One of the central issues in modern art concerns the nature of abstraction. This question still stimulates passionate advocacy and violent hostility on all sides of the argument, even though the mid twentieth-century heyday of 'abstract art' has now passed into history.
The term 'abstract' literally means 'separate' or 'apart'. In art it is often used as the opposite of 'figurative' to describe work that does not seek to portray something that the viewer can immediately recognise in the physical environment. Thus the sun can be shown in a figurative painting as circular and yellow, but a yellow circle on its own would be considered abstract – it could suggest many things to different viewers but does not obviously represent anything other than itself. Similarly, an unbroken blue horizontal line can suggest a horizon, but the viewer would need other clues – boats or wave forms, for example – to know for sure whether the painting was meant to represent the sea.
Western art in particular has been concerned with artists' abilities to create an illusion of real, threedimensional forms in real space. In other traditions this is less important, and intricate decorative motifs, magical symbols and other non-representational images may be given far greater prominence than the attempt to create a replica of what we see around us. Whatever their approach to their work, artists themselves tend to be aware that the very act of creating an image involves a degree of abstraction – of making something that relates to, but is essentially separate from, the outside world.

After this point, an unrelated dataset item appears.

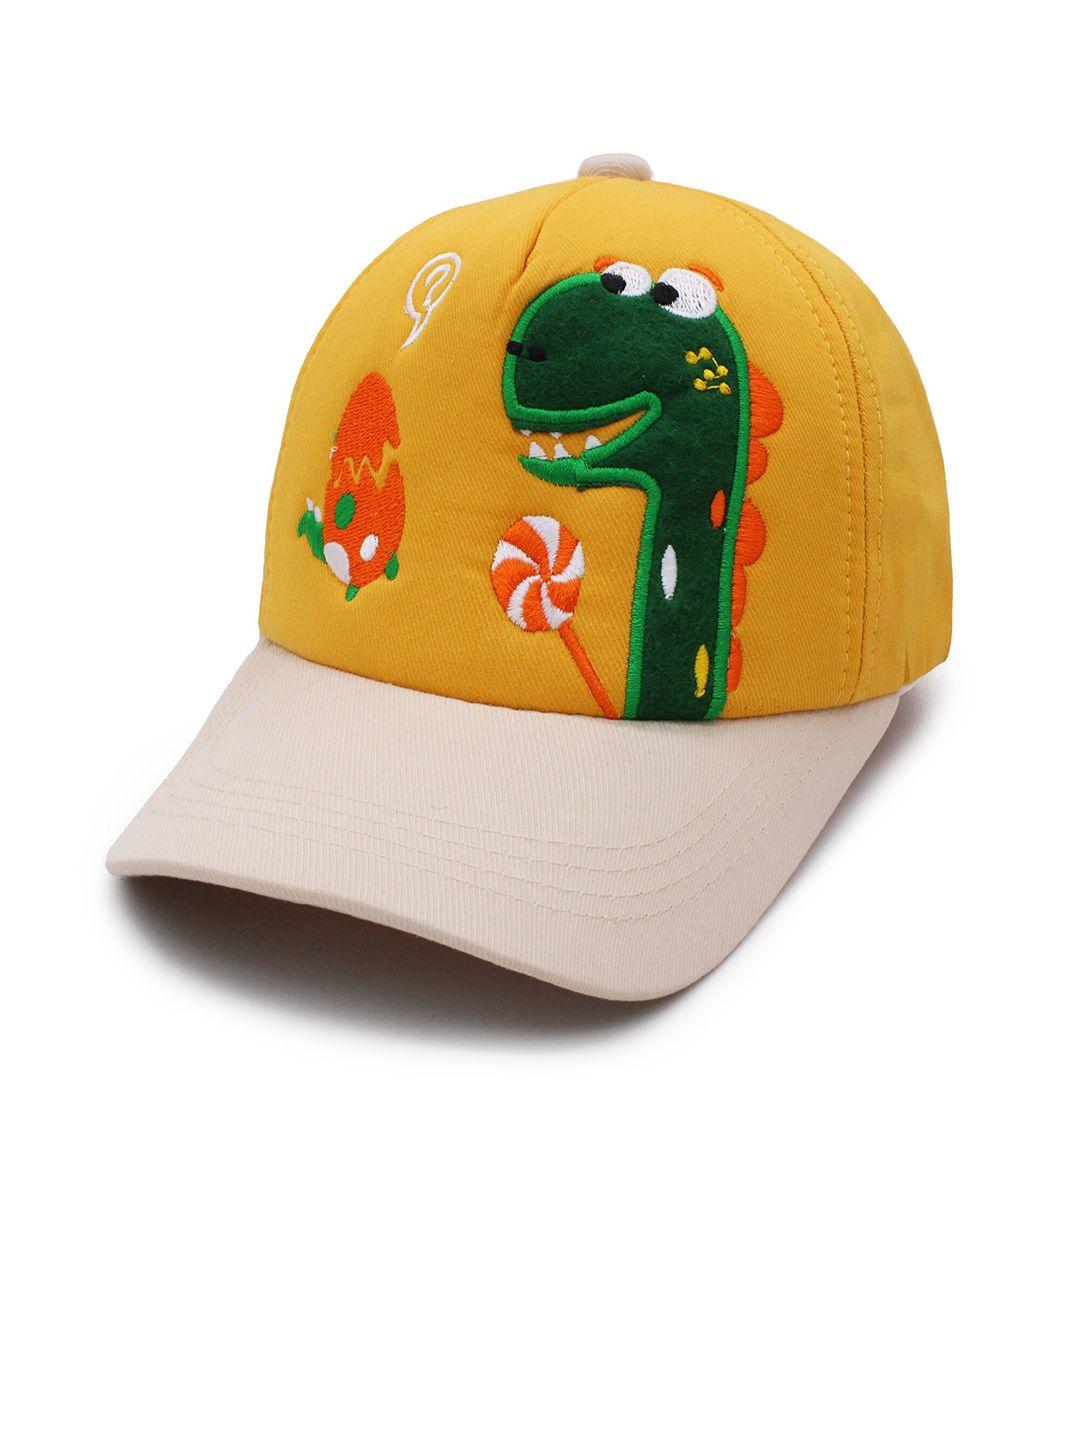 jenna kids embroidered baseball cap

St Ives is in many ways a very productive place to consider abstraction. In Barbara Hepworth's work, for example, the specific influence of landscape can be increasingly felt even in apparently abstract forms, and it is clear that a powerful consciousness of place played a vital part in her artistic development from the 1940s onwards. In the work of many other St Ives artists the influence of Cornish landscape and sea forms, colours and effects of light, as well as the region's history from its prehistoric megaliths to the tin-mining industry and its post-industrial legacy, can be traced in images that seem at first to be abstract.